If anyone knows who the author of this inteview is I will credit them in the next update to the web site. For those who do not know, Mike Sinz was in charge of the Amiga OS group during its final years.

Here is his view of some of what went on during that time, reproduced here with his permission.
from msinz, 4917 chars, Wed Nov 30 08:42:35 1994

I think the reason many of us see the A4000 as a hack is because in engineering terms it really was a hack. Other than the AGA chips. (AA for those who actually worked on them)

The A3000 was a new motherboard design with new bus designs and chips to support and integrate all of this. The A3000 had a number of radical departures from earlier designs *other than* the ECS chipset. I won't go into all of these here but they were significant and many leading edge. (Again, the chipset did not change so that part was not "new")

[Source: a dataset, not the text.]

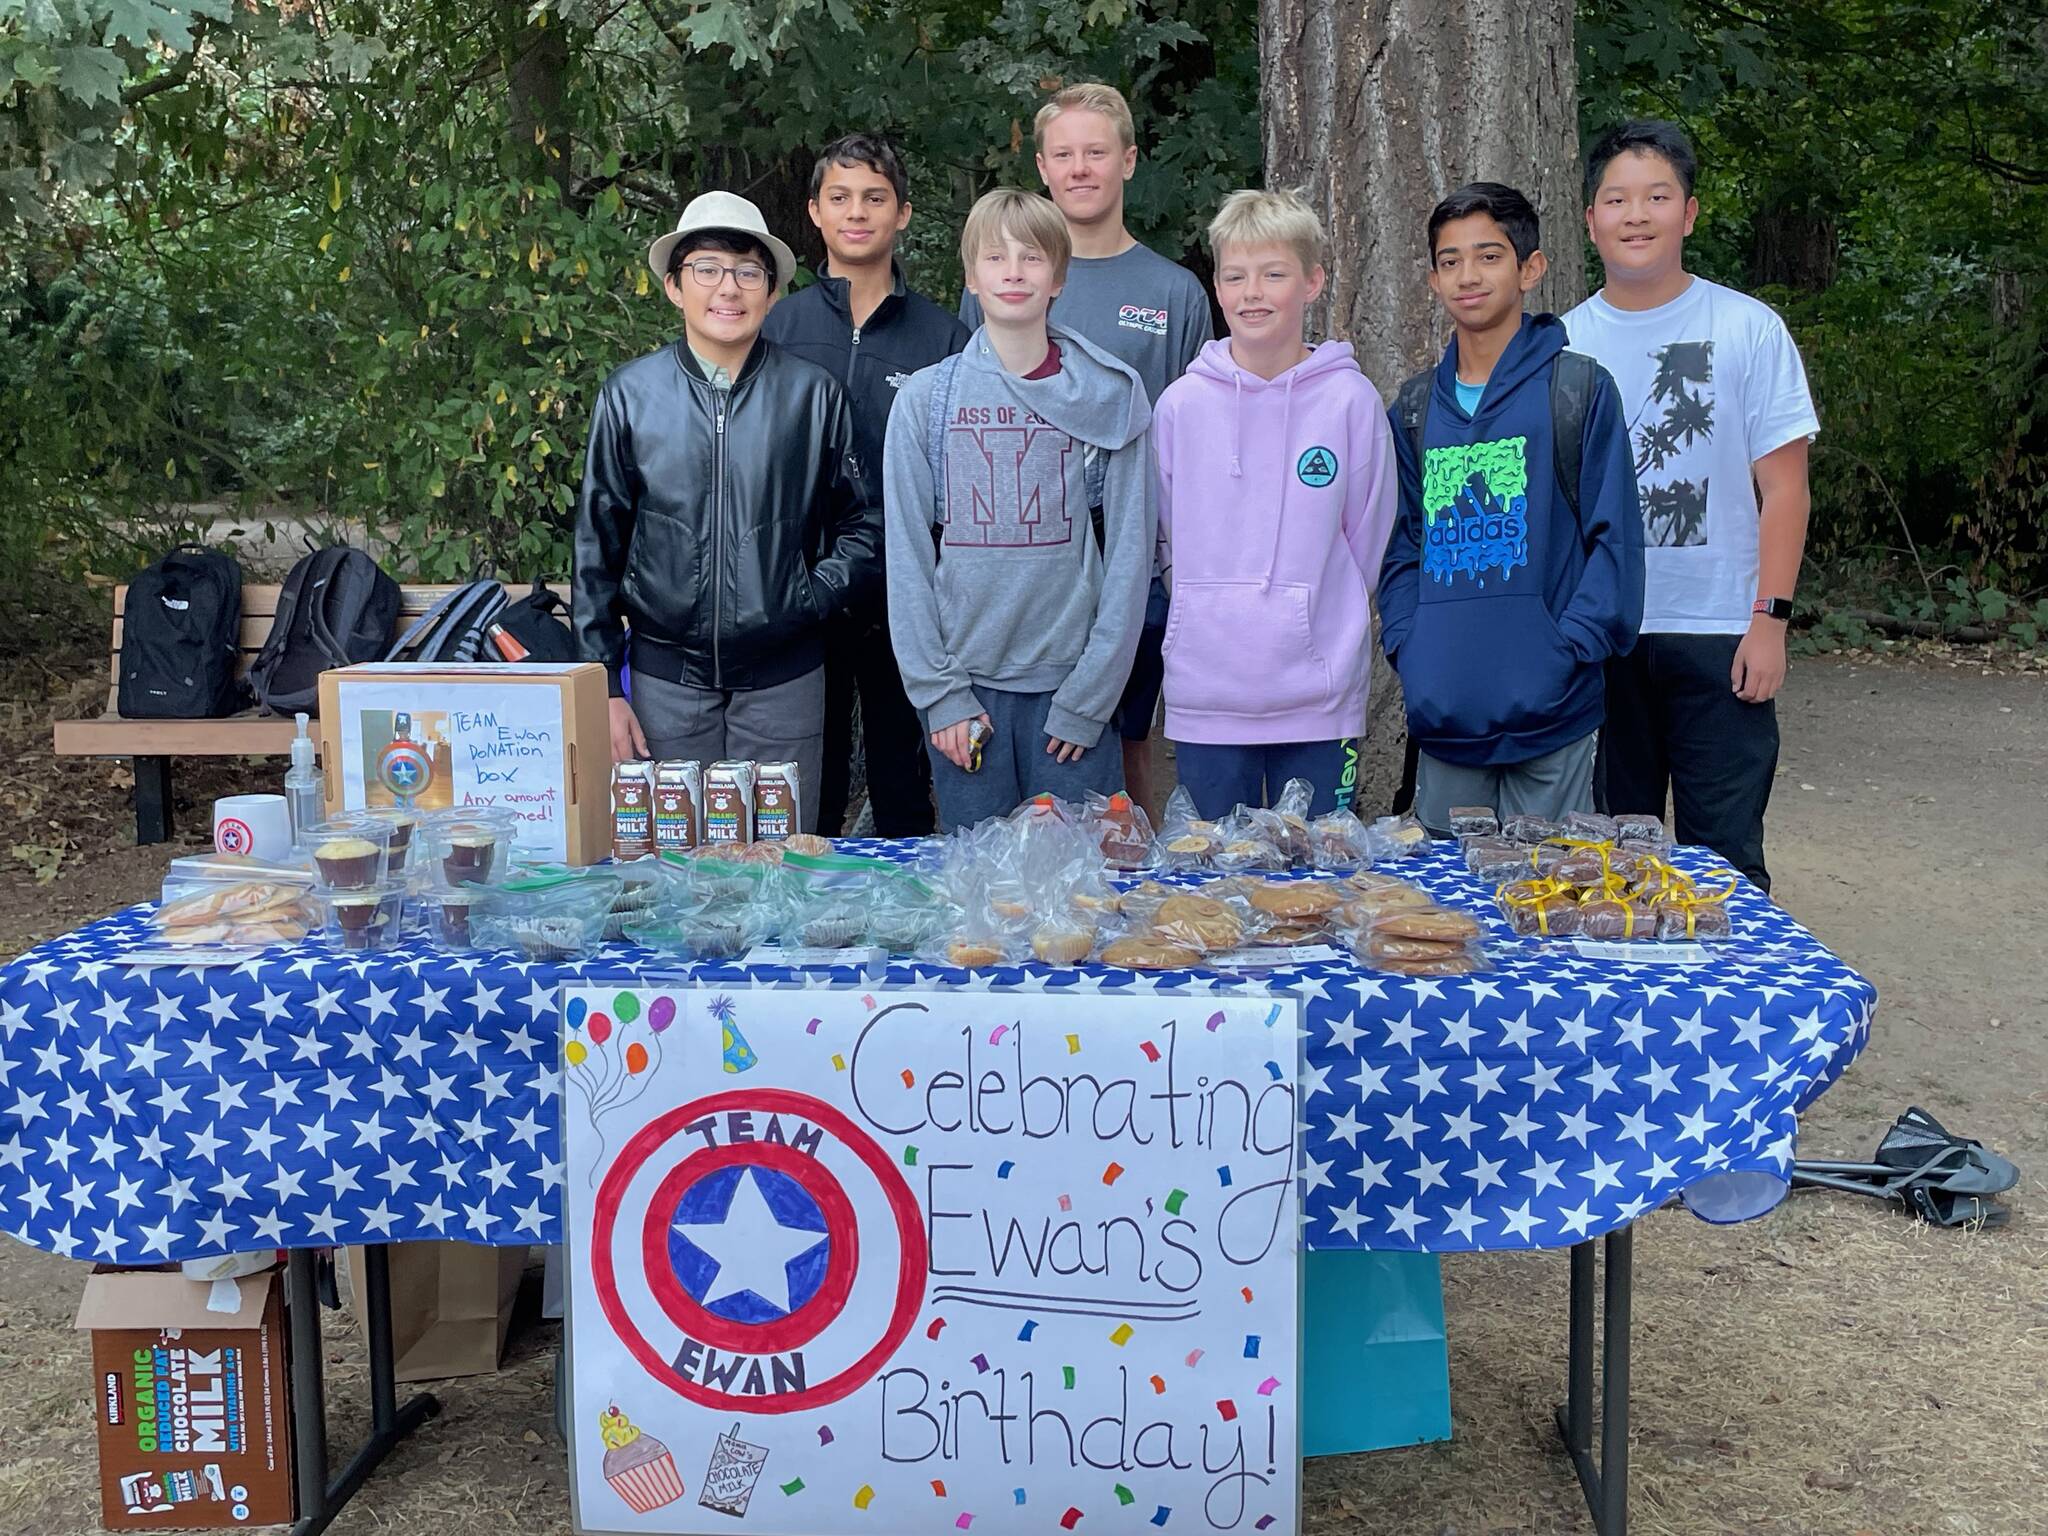 Courtesy photo
Islander Middle School eighth-graders who held a birthday celebration for Ewan Lill are, first row, from left to right: Jibran Jawed, Matthew Duffié, Dan Cartwright and Rohan Paradekar, and second row from left to right: Vox Usman, Alex Jack and Ryunokuki Masuda.

The way the A4000 became really shows this. Now that the story is public (in more than one place) it can be talked about. Remember, there was a changing of management just as AA technology was being completed. The original management was pushing two systems: The A3000+ and the A1000+ The A3000+ was a AA (oops, AGA) based machine with the same box/formfactor of the A3000 but also included an AT&T DSP32 (very cool) and was very tightly integrated. (SCSI, DSP, AGA, etc.) The DSP system was very cool and the DSP was powerful enough to do a full V.32bis/V.42bis FAX/Data modem *IN SOFTWARE*. (The 2400 baud software was even scheduled to be included with the system - the V.32 stuff cost too much to include for "free") It would also so really good speach and sound and math (talk about fast rendering times!)

The A1000+ was a super-low-cost 2-slot AGA-based Amiga. Goal was to have this thing list at $999 including hard drive, 2 or 4 megs of RAM depending on RAM prices, keyboard, etc. It would have been about the size of the A1000 but without the keyboard storage area (no room for it) Really nice system. (And it was going to be either 14MHz or 28Mhz 68020 or 68EC030 system)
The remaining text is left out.